When writing an autistic character, especially if you are on the spectrum yourself, the biggest difference between them and you is going to be their special interest. Special interests are not always visibly present in people with autism, but they frequently are. Special interests are going to influence a lot about how the character behaves: how they see the world, what their in-jokes are, the kinds of skills they have, and even the job they go into. This is true for anyone but is especially true for autistic individuals because they often eat, sleep, and breathe their interests. So if your character has interests different from your own the biggest challenge is going to be doing a lot of research on a subject that you might know nothing about or not have a lot of interest in, because you have to know enough to fake their deep interest. If both you and your character have interests in cryptography or computer software you have a head start.
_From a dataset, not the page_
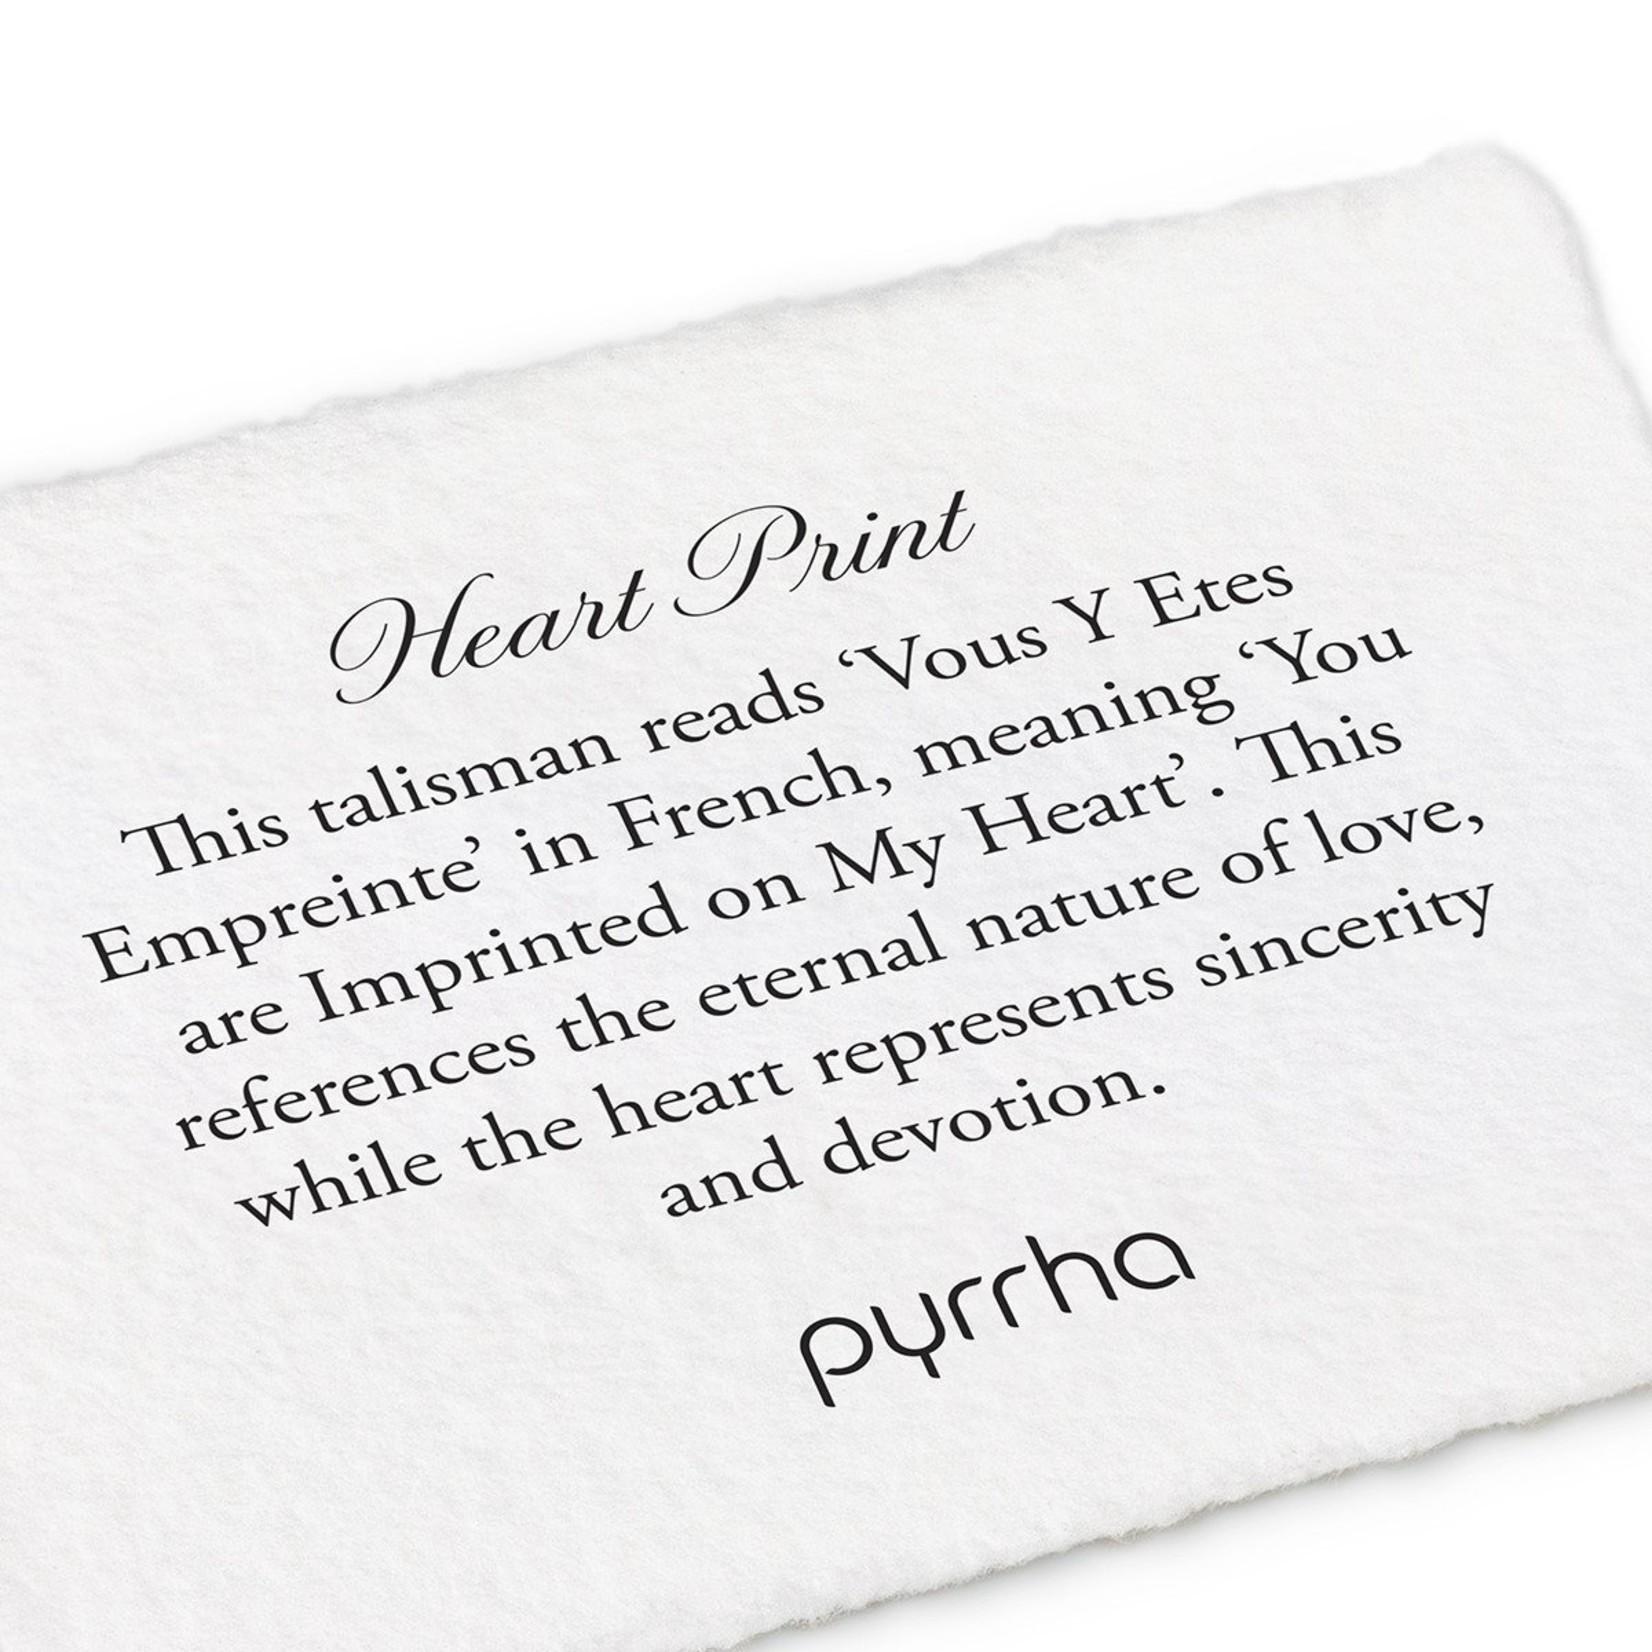 Pyrrha Heart Print Talisman Clasp Bracelet
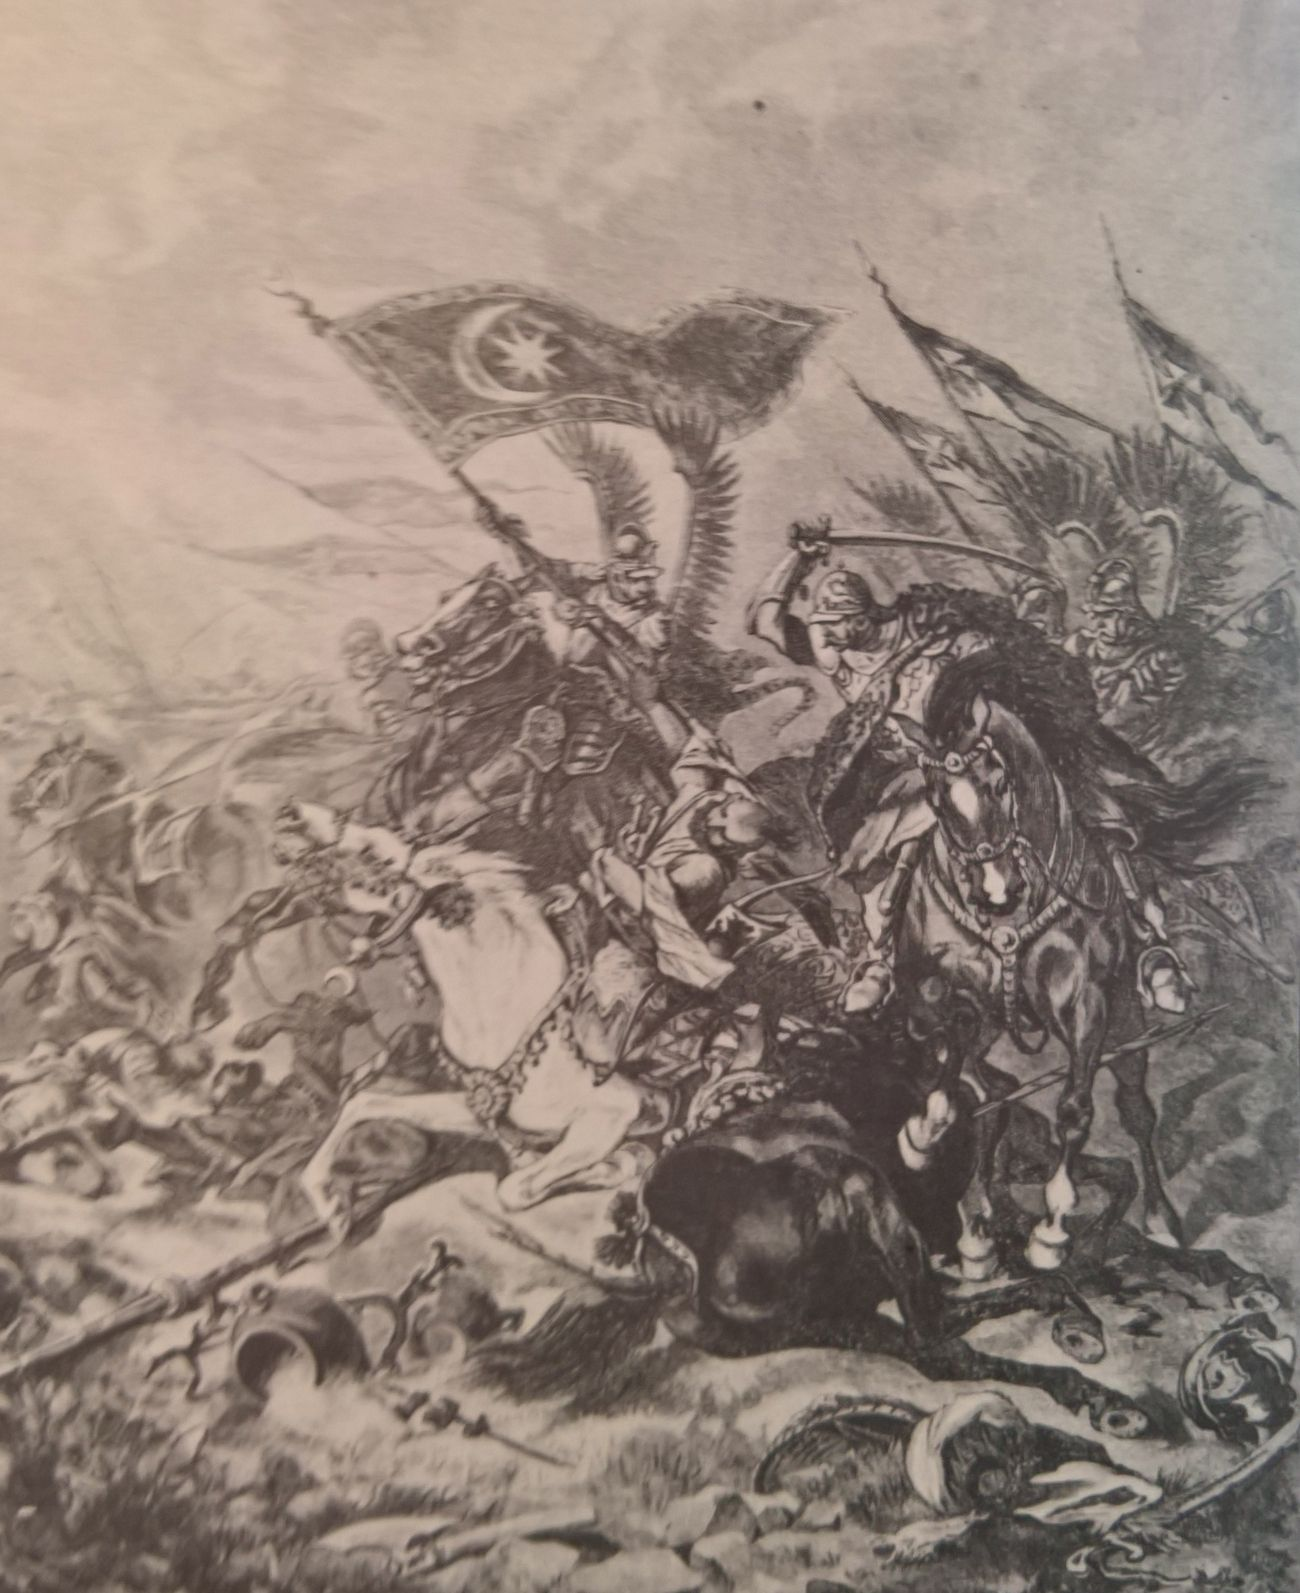 Husarze rekrutowali się również z szeregów pospolitego ruszenia. Na ilustracji rysunek Juliusza Kossaka przedstawiający walkę o turecki sztandar pod Wiedniem.

This is why I think "Write what you know" is some of the worst advice to give an aspiring writer... I prefer "Write What You Don't Know, but write it in a way that makes others think you know it." Or in other words, Research and into topics you're not interested in. I normally have my characters believe in ideals or things I do not (especially politics, as my books tend to have a political edge to them... and it's boring if my POV wins out among people who aught not agree with me.). Rather, I try and play Devil's Advocate to my own personal views. You do not have to be a software engineer to be good with secret codes... people have been using codes before Computers were a thing and having the ability to identify the techniques used for things like Substitution Ciphers, Caesar Ciphers, and Ciphertexts like the Beale Papers could easily be acquired for a love of history. Even today, One Time Pads are fairly pencil and paper communications that cannot be broken if properly used.